The line with "Soulcal Mesh Escarpins" starts the range, and the last line of the listing ends it. Retype that range exactly, without pictures.

** AVAILABLE DATA **
[Start of Attachment]
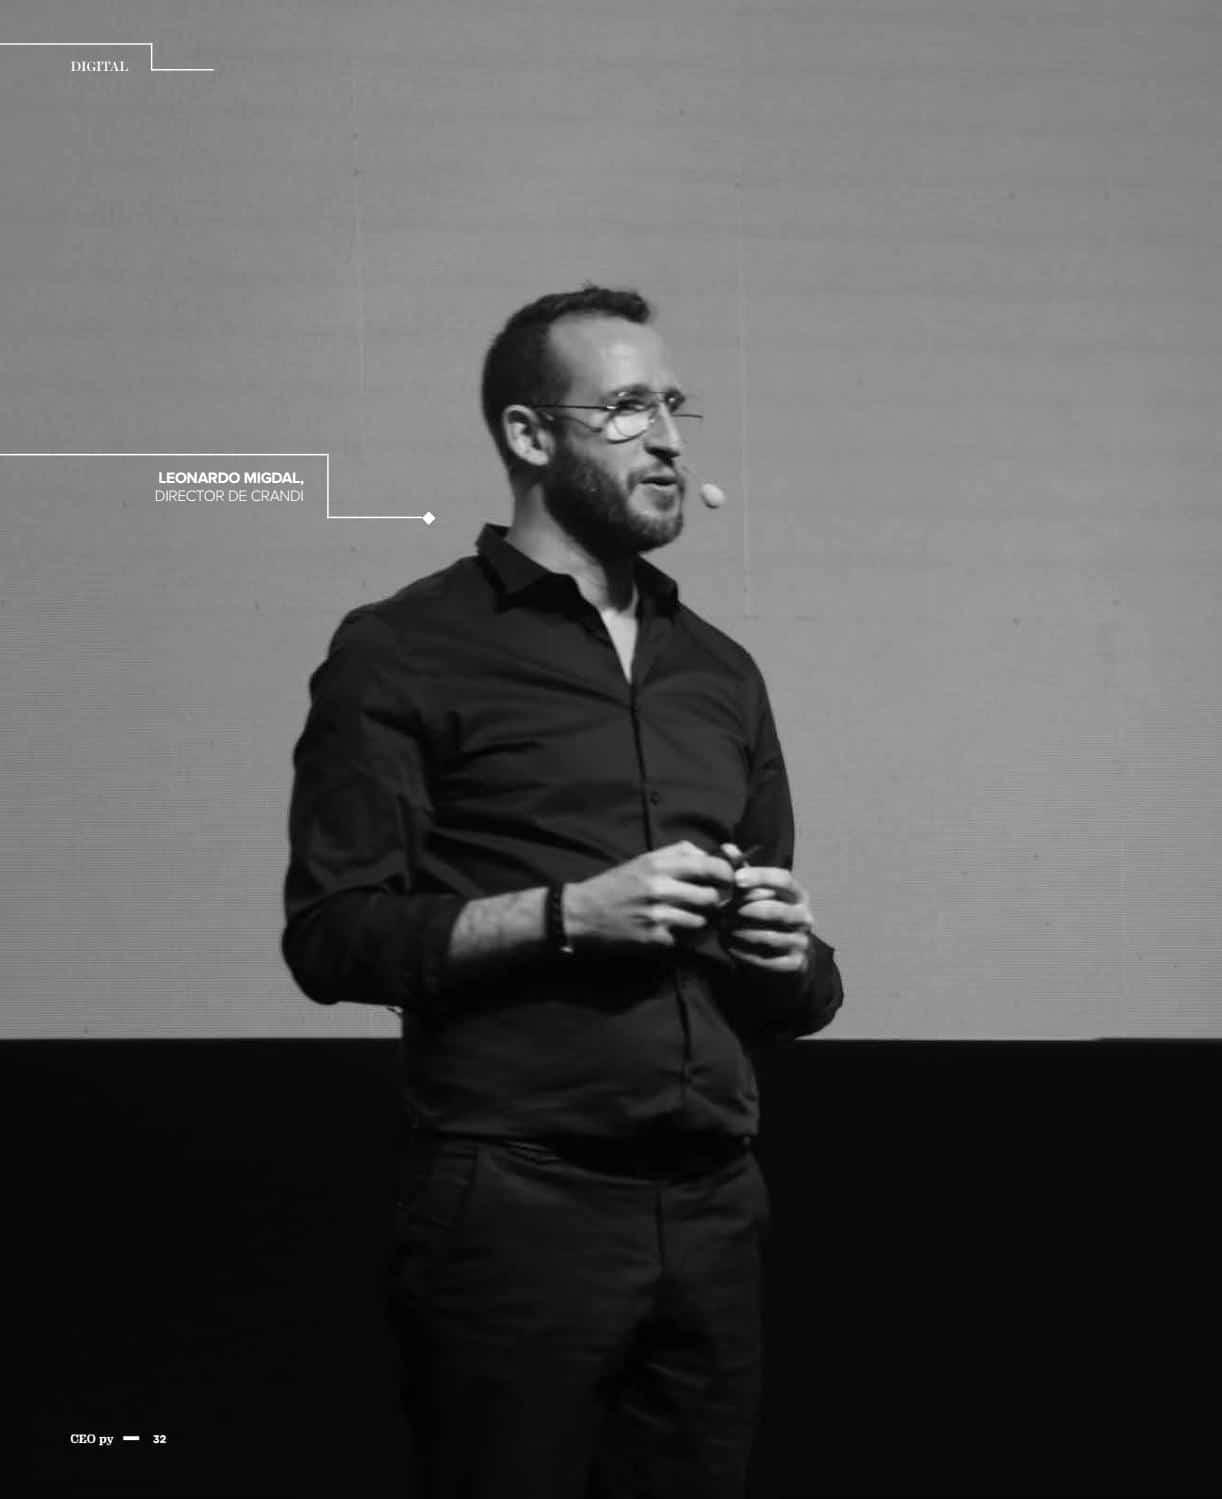 Leo Migdal habló con revista Ceo Py acerca de los nuevos caminos en la era digital
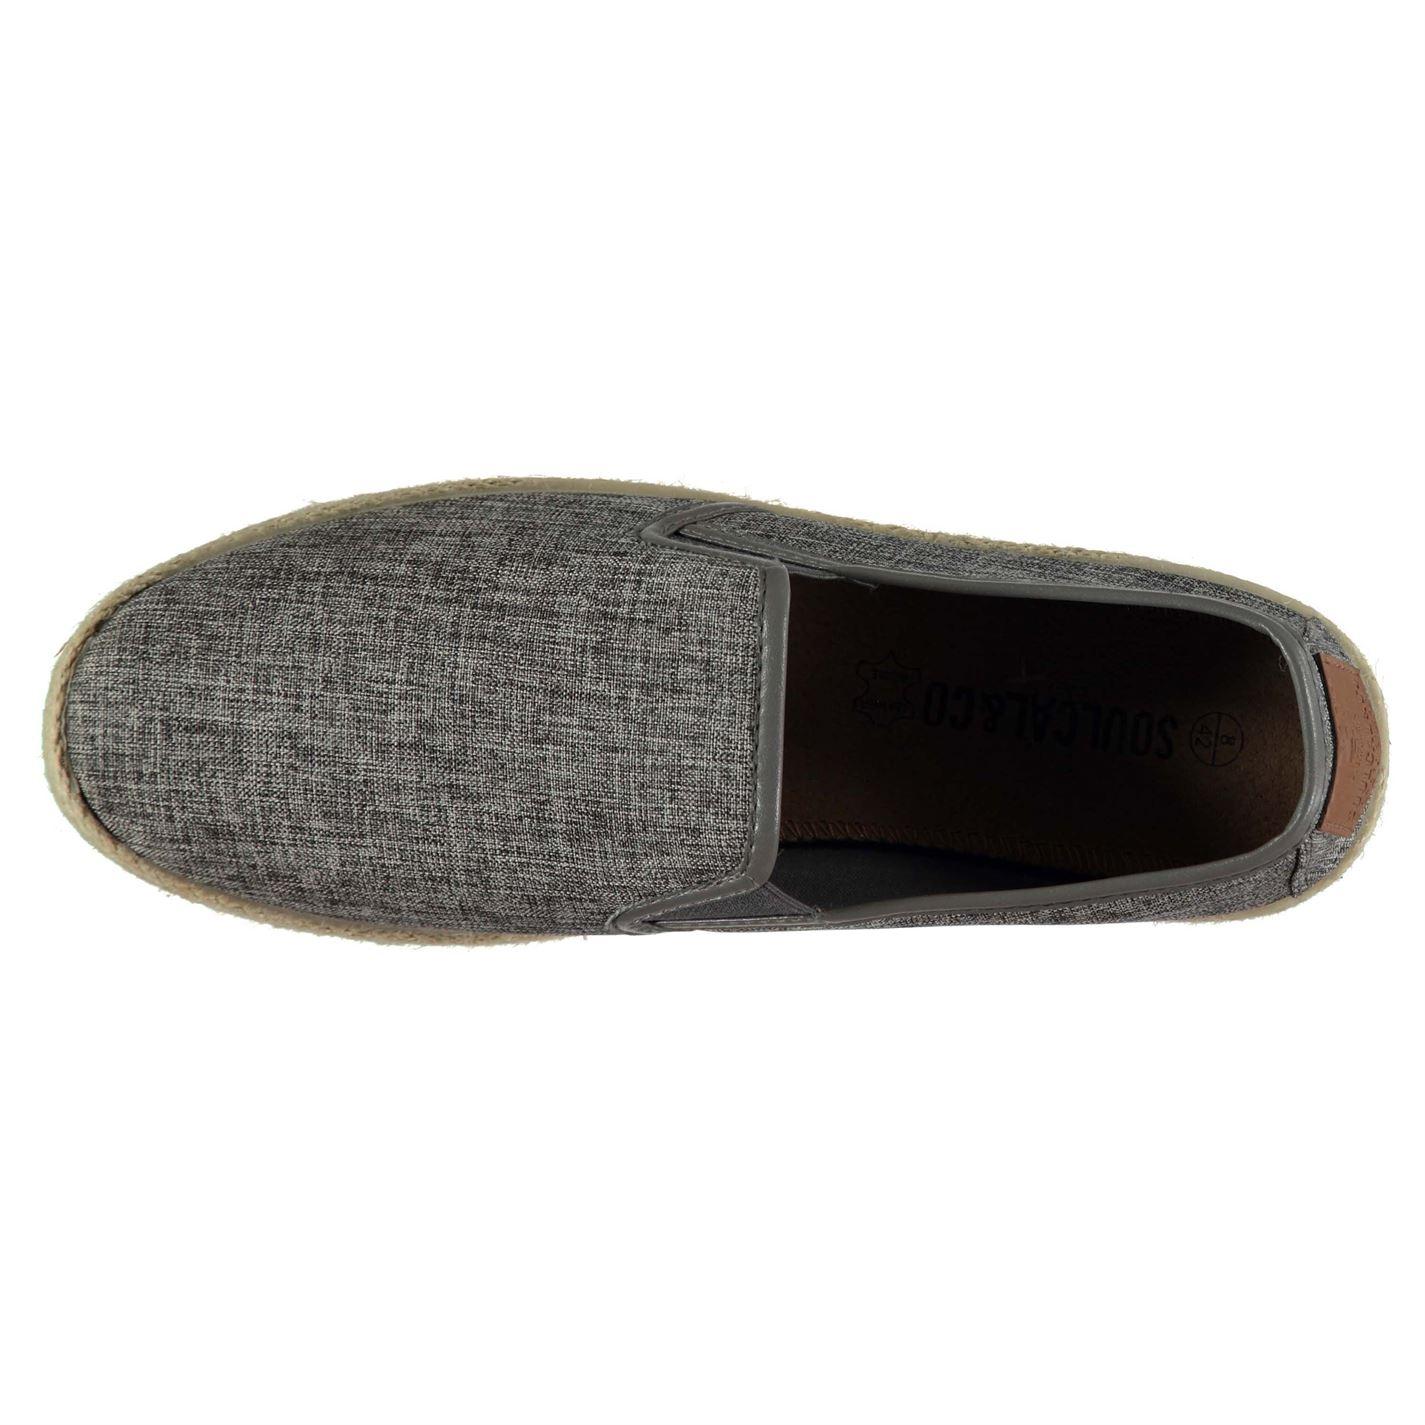 Soulcal Mesh Escarpins Chaussures Homme Gents Toile À Enfiler Confort Quotidien
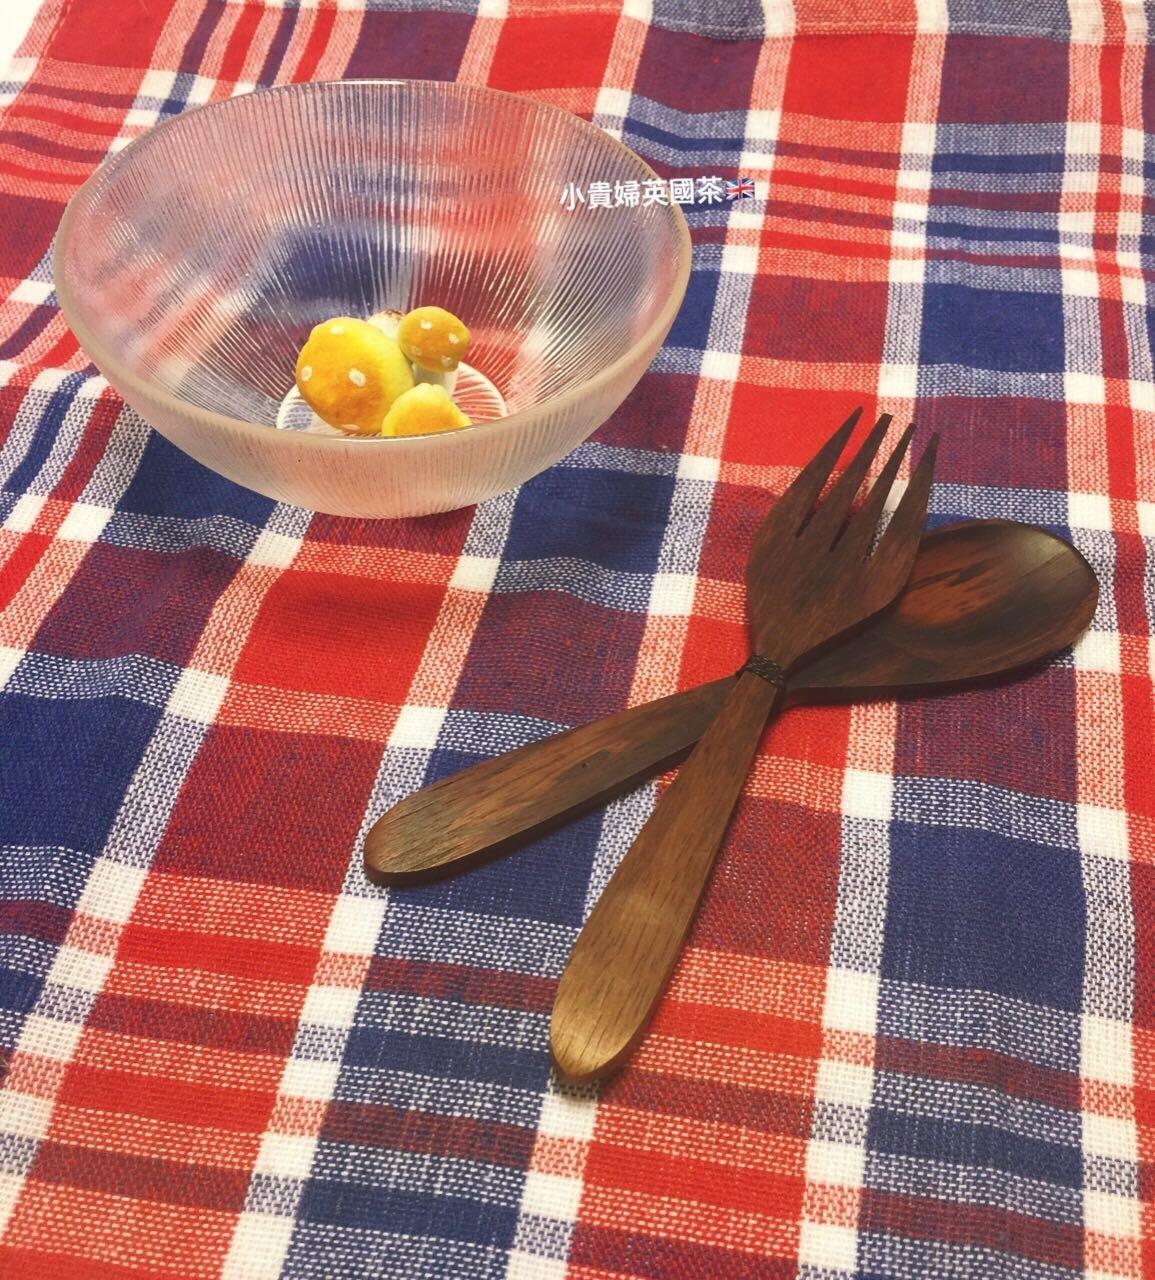 {小貴婦英國茶}日式和風雜貨立體直條紋,直線條,玻璃沙拉碗,醬汁碗,廚房餐具
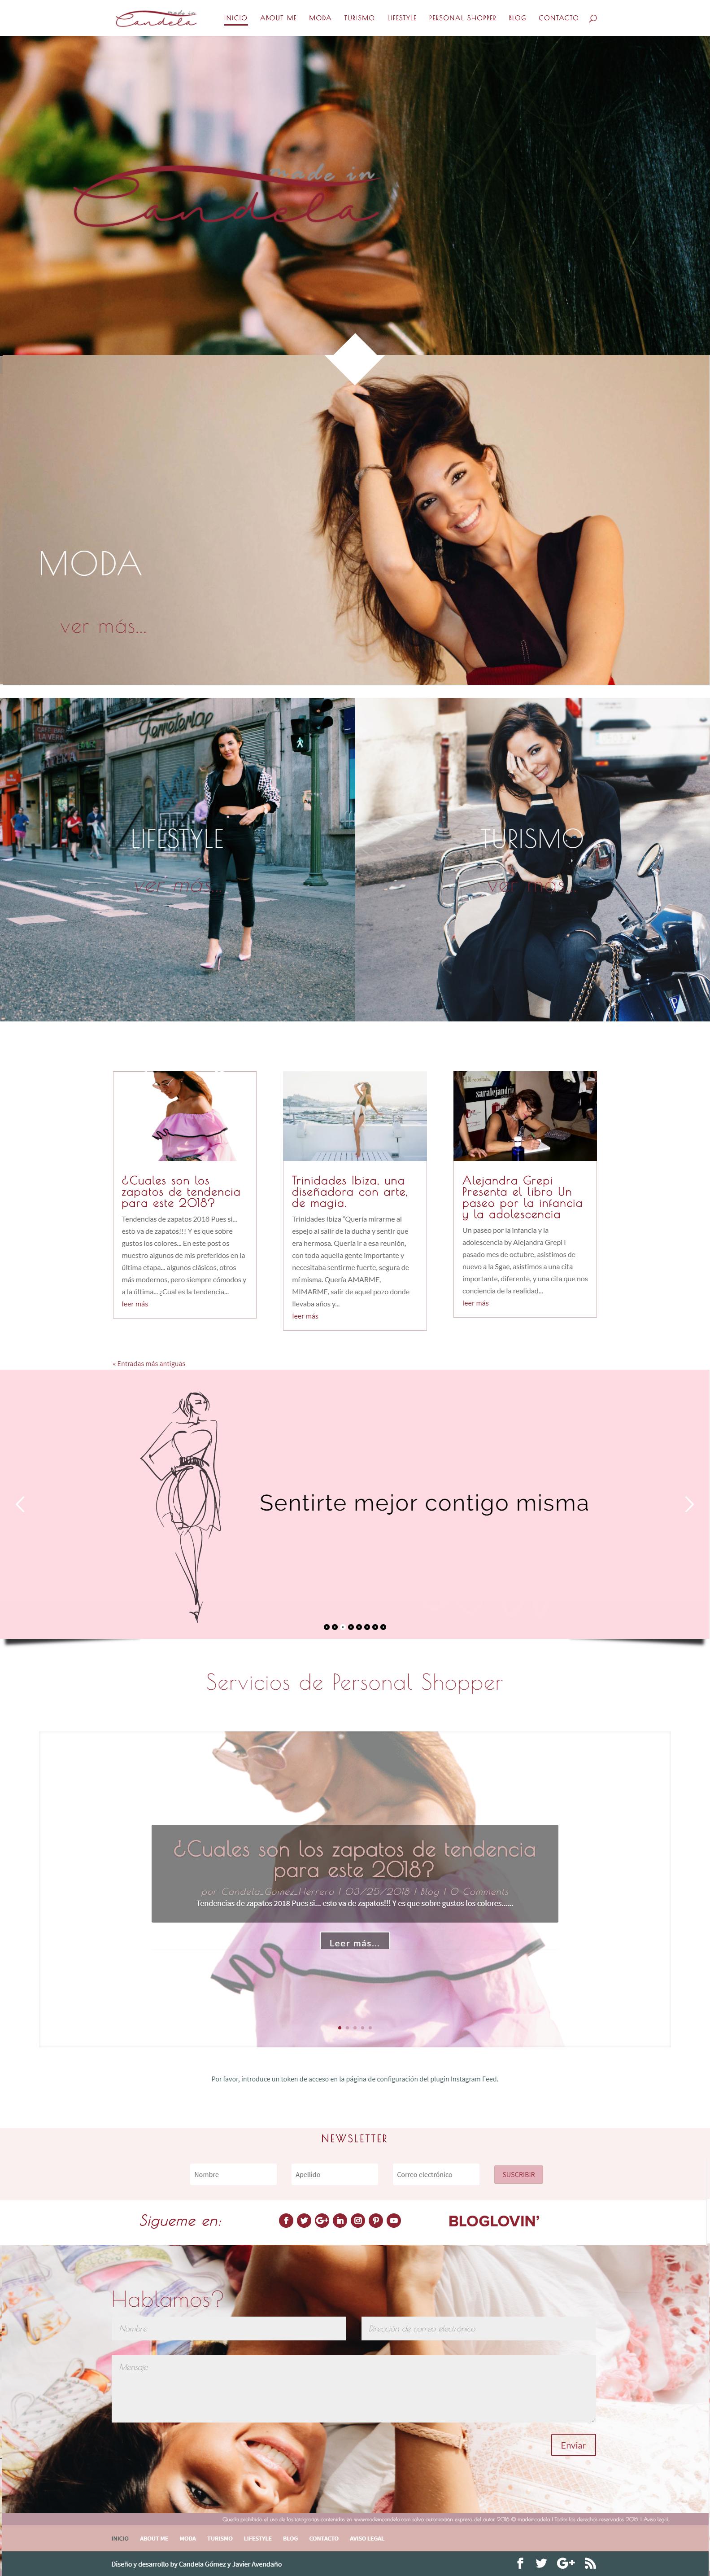 Elysabeth-Reyess tienda de moda y complementos
[End of Attachment]
** ANSWER FOR THE TASK **
 Soulcal Mesh Escarpins Chaussures Homme Gents Toile À Enfiler Confort Quotidien
 {小貴婦英國茶}日式和風雜貨立體直條紋,直線條,玻璃沙拉碗,醬汁碗,廚房餐具
 Elysabeth-Reyess tienda de moda y complementos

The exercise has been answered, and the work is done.